Repeat the listing exactly. The images do not belong in the copy.

## Source material
☆ ☆ ☆
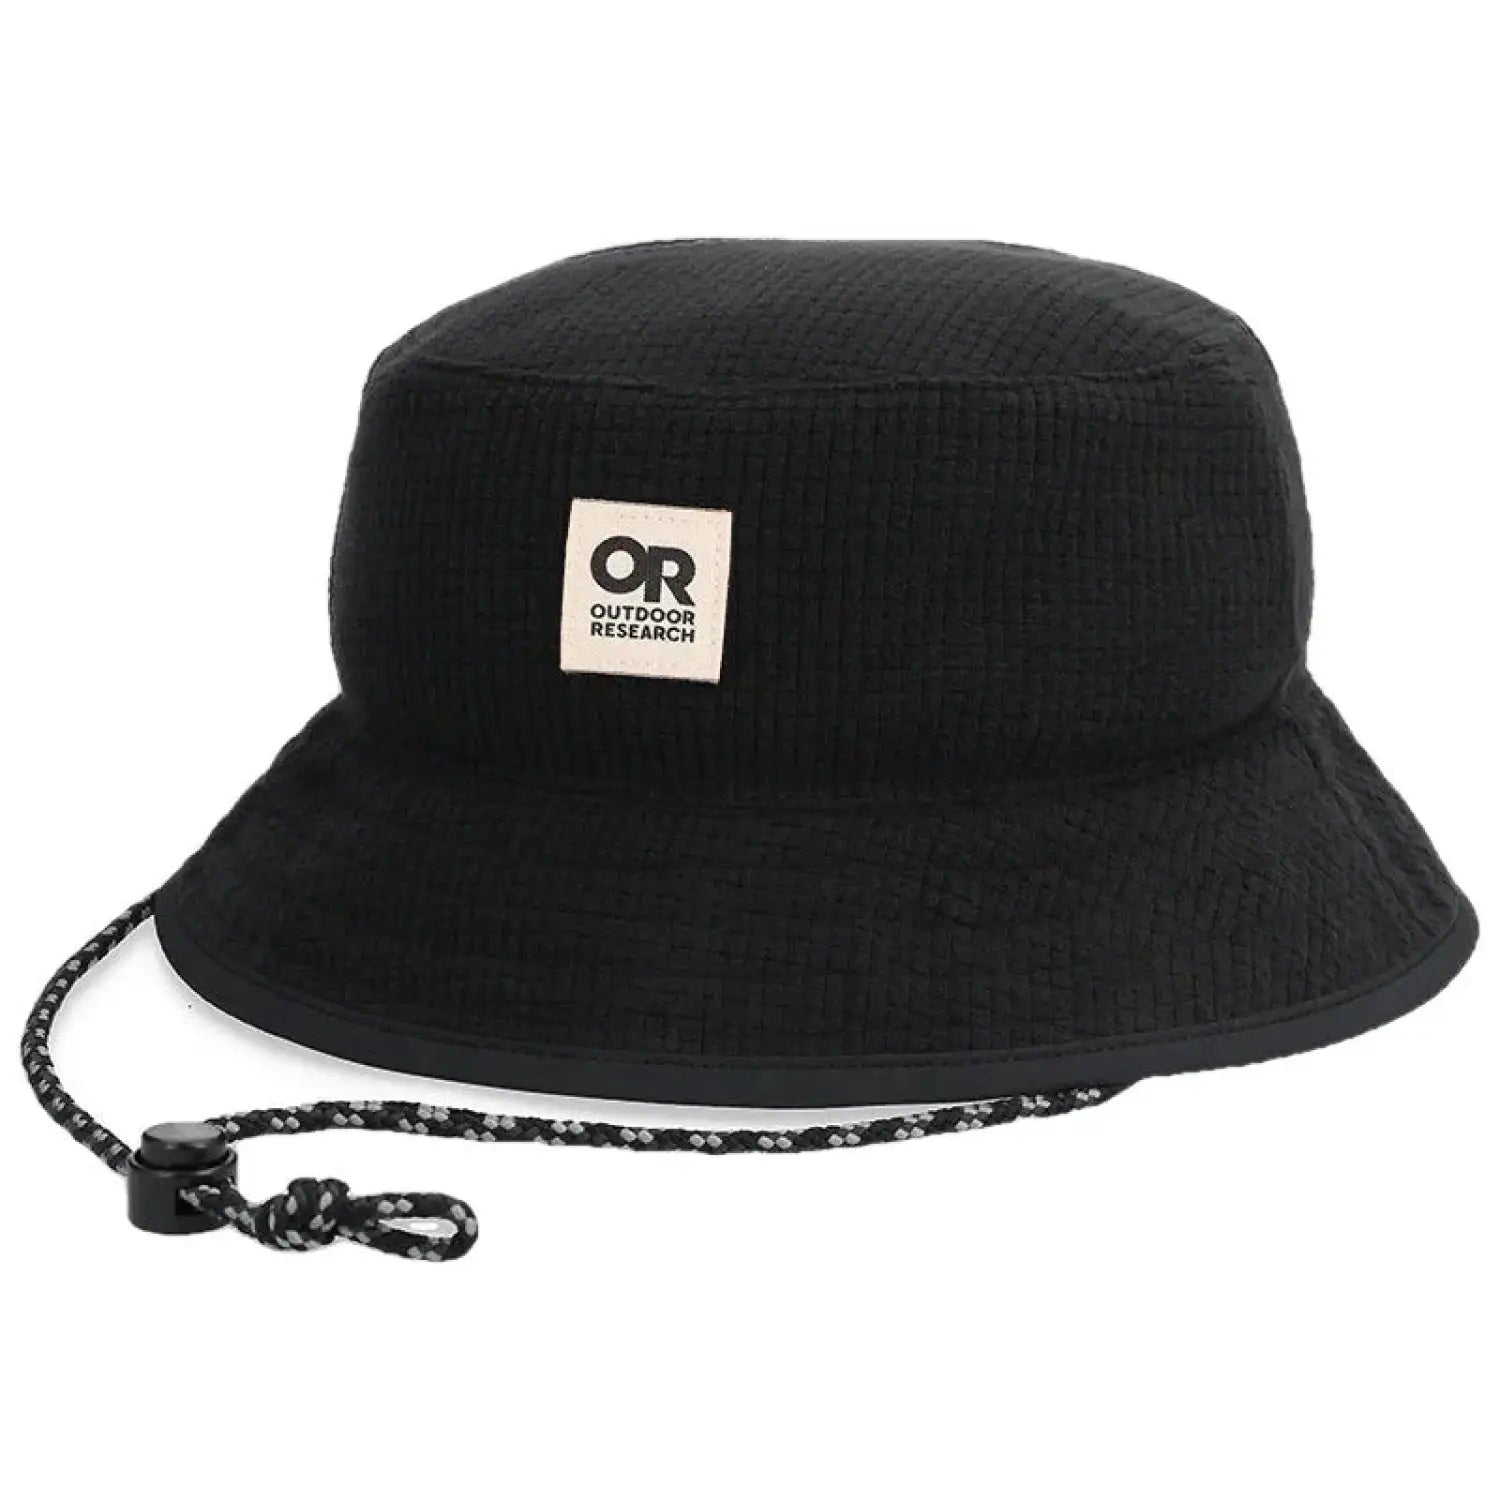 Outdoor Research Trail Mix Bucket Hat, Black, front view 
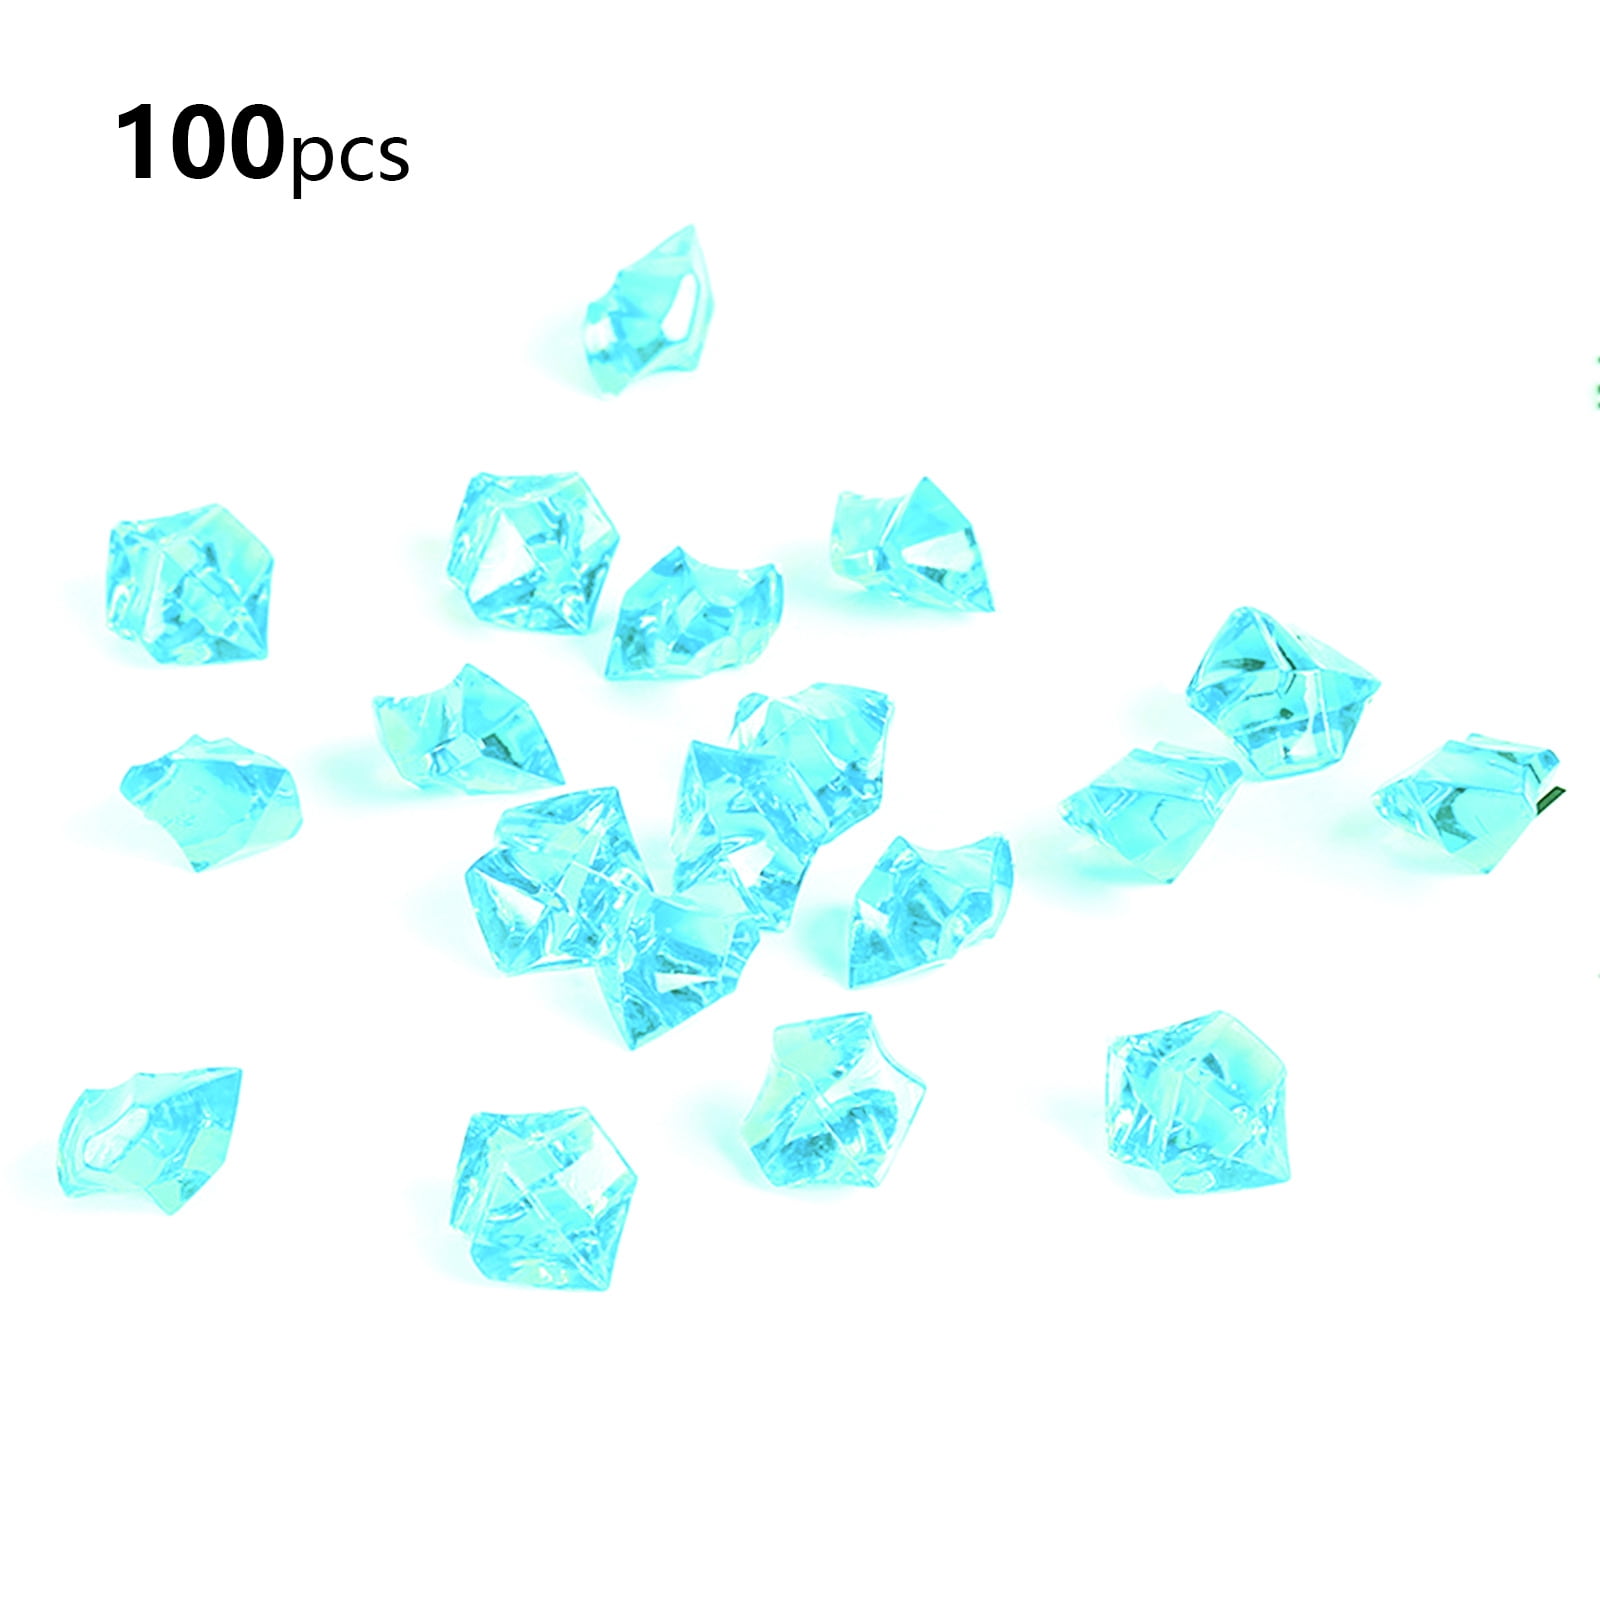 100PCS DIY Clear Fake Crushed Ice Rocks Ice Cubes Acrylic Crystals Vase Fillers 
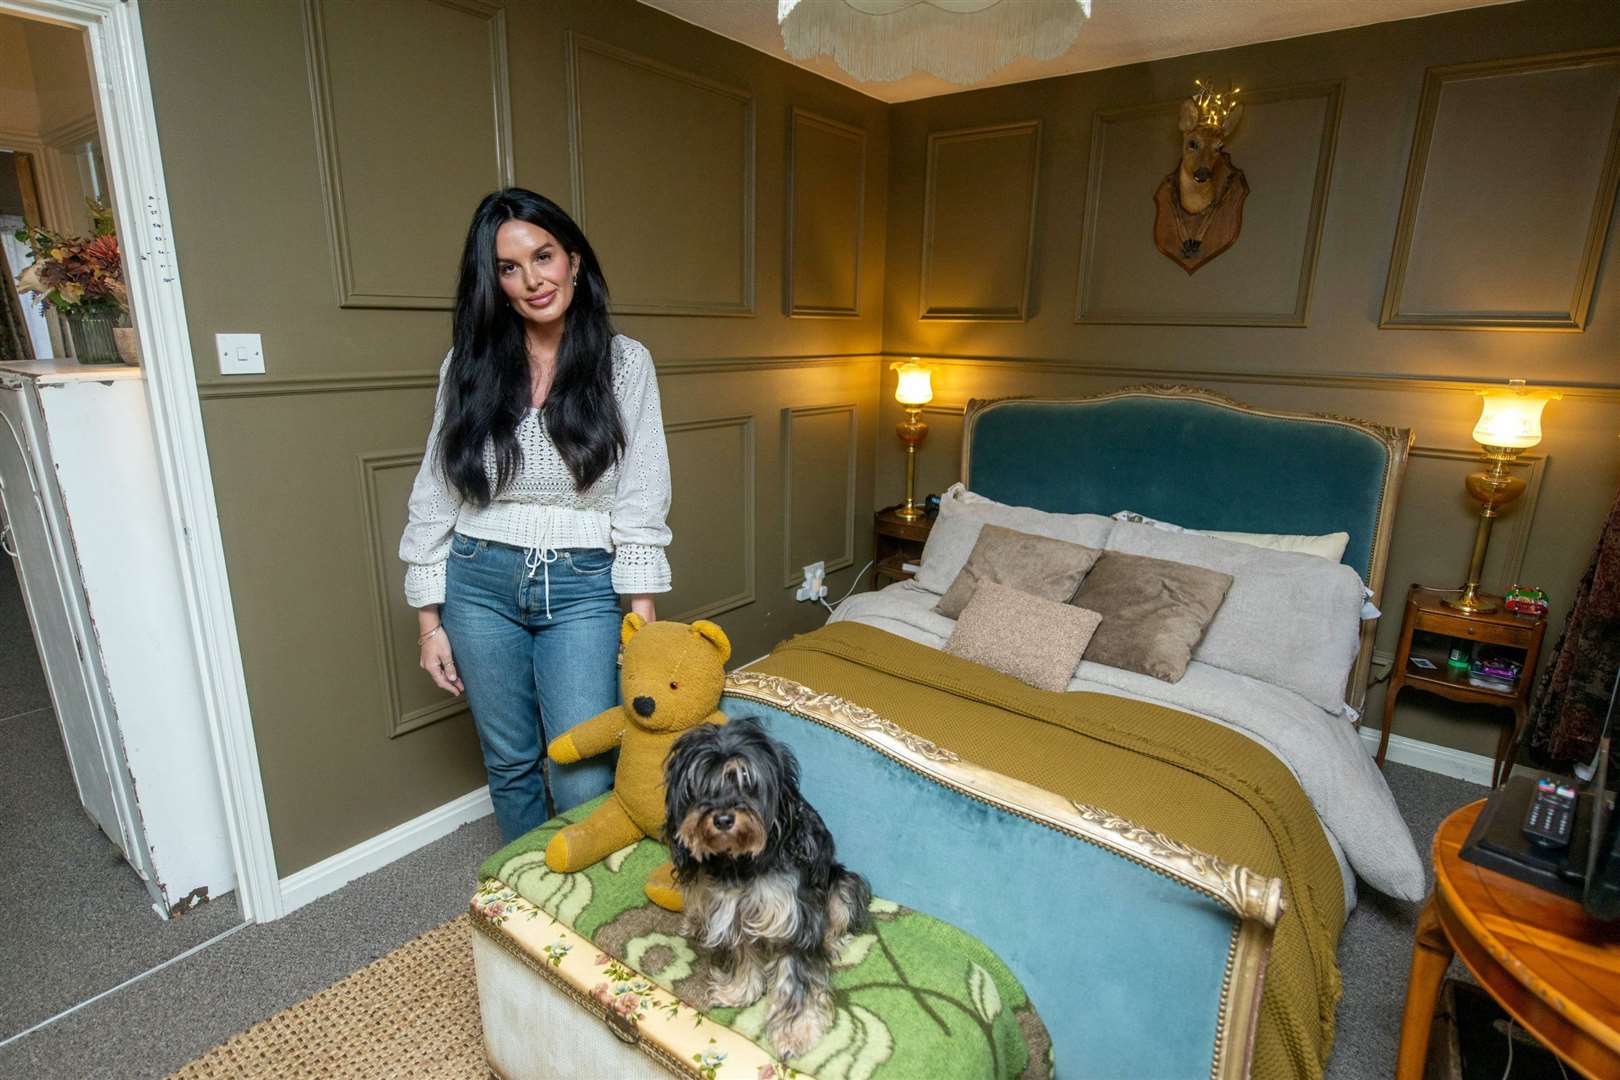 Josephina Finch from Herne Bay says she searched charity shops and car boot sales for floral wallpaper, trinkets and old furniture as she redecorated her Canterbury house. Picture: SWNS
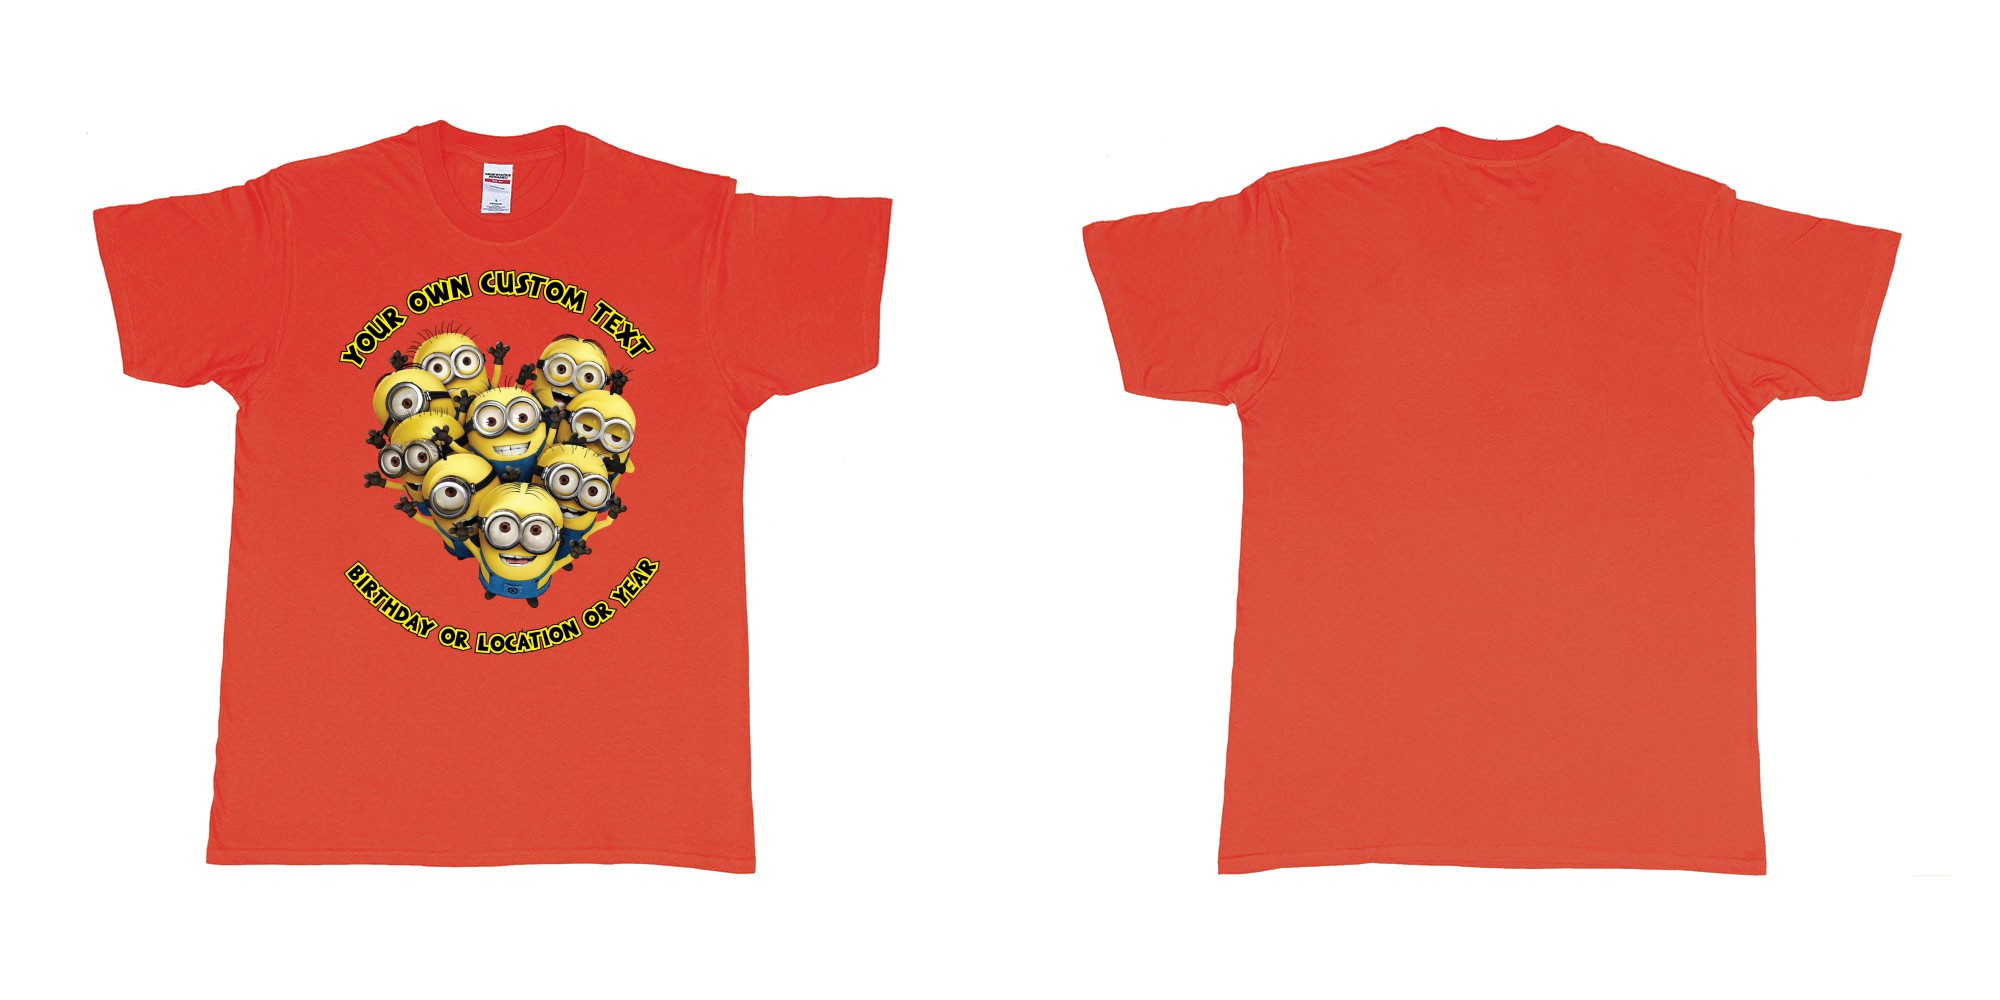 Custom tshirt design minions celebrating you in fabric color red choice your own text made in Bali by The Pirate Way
☆ ☆ ☆
## Exercise response
 Outdoor Research Trail Mix Bucket Hat, Black, front view 
 100PCS DIY Clear Fake Crushed Ice Rocks Ice Cubes Acrylic Crystals Vase Fillers 
 Josephina Finch from Herne Bay says she searched charity shops and car boot sales for floral wallpaper, trinkets and old furniture as she redecorated her Canterbury house. Picture: SWNS
 Custom tshirt design minions celebrating you in fabric color red choice your own text made in Bali by The Pirate Way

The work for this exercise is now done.